Stacie, she is gonna make a really nice horse. She will probably never be as soft in her mouth as what I would like but she is smart. Now that she has kinda figured out that all I really want her to do is just move out a little bit, she is progressing in leaps and bounds

I took some video yesterday and spent all evening laughing at myself because there are a couple of times that I stop and kinda just lean on the saddle horn for a minute to get my side to stop cramping but the first time I had to stop, I had actually been loping for about 15 minutes. I am trying to load it but I am fighting with youtube right now. I will post it asap.

RG, I do too (mainly cause I wanted to steal her anyway) but oh well. She may have never been the right horse for you. Anyway, last I heard, you and Cricket? are getting along well, right?


----------



## reining girl (Jan 30, 2009)

ya, her new owner absolutly loves her, i tried to buy her back but she said no lol. Yep cricket it doing really good. I just made a thread of her in horse pictures title "cricket pictures". stacie your girl is really cute. smrobs, i love that bay mare.


----------



## smrobs (Jul 30, 2008)

Okay, so I got part of the video of the bay mare loaded (her vid is 22 min and the gray horse is like 37 so it will be in several parts). Youtube is still fighting with me over the vid of Lucy but I will get it on her eventually LOL.
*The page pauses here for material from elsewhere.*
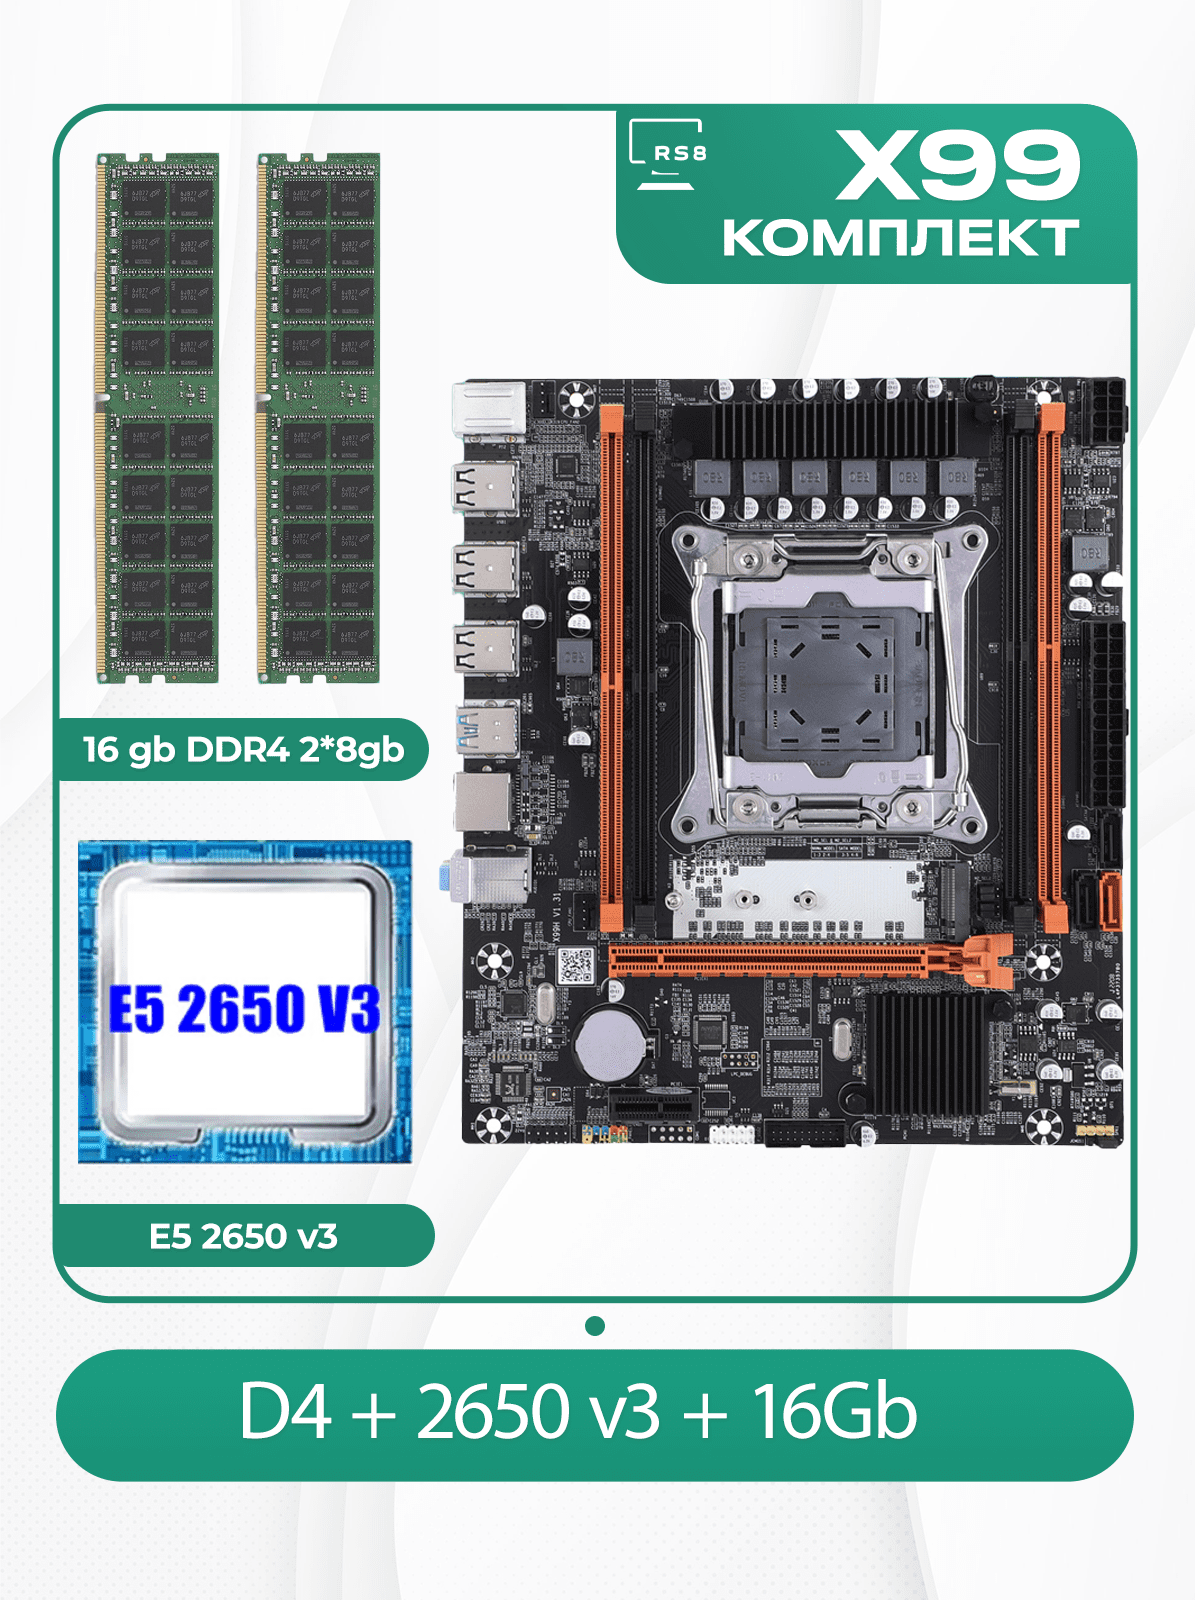 Комплект материнской платы X99: Atermiter D4 2011v3 + Xeon E5 2650v3 + DDR4

Anyway, here is Foxy. She's a 4 yo QH that came to me with some serious issues from previous "professional" training she received: complete with head tossing, running backward, and laying on the bit. I would guess that she has maybe 13-14 rides on her at this point and though it may not look it, her lope is actually pretty rough. She travels around on the forehand and it feels like I'm loping into a hole LOL.

Be advised, it looks a little funny but I edited out parts where I was out of screen to shorten the length some. That's why I am really quick to make it from far away to really close on the right side.


----------



## smrobs (Jul 30, 2008)

Okay, finally had to just leave the computer completely alone overnight to get Lucy's video loaded but here it is. She is going through a stage right now that she doesn't want to stand for mounting (probably because she is sore) but she'll get over that. And for some reason, even with all the circle work I have done on her, she is still convinced that cutting across the middle will make less work for her LOL.


----------



## stacieandtheboys (Jan 6, 2009)

Ha ha little does she know! She looks really good


----------



## smrobs (Jul 30, 2008)

Yeah, I apologize for having to get into her mouth at the first of it, but she can be a bit snotty about bending and giving and if I don't check her on it from time to time, she is content to just kinda lay there on the bit. Even the change from this vid to today is remarkable. She is already neck reining decently and her lope is sometimes pretty nice and other times hell on wheels LOL.


----------



## smrobs (Jul 30, 2008)

Okay, finally got the rest of the video parts up and going. I really should get some more but oh well. If anybody wants to just sit around watching video of a person riding a horse for the next 45 minutes, then this is the thread for you LOL.


----------



## smrobs (Jul 30, 2008)

Got a few new pictures from today. Foxy and Lucy are both doing great. One day of working on it and Lucy is neck reining nearly like an old pro LOL. Her lope is still improving every day. It actually isn't so bad when she keeps her shoulders up and stays slow but as soon as she drops a shoulder, it gets bad again. Though she is looking like an old work horse under saddle now . 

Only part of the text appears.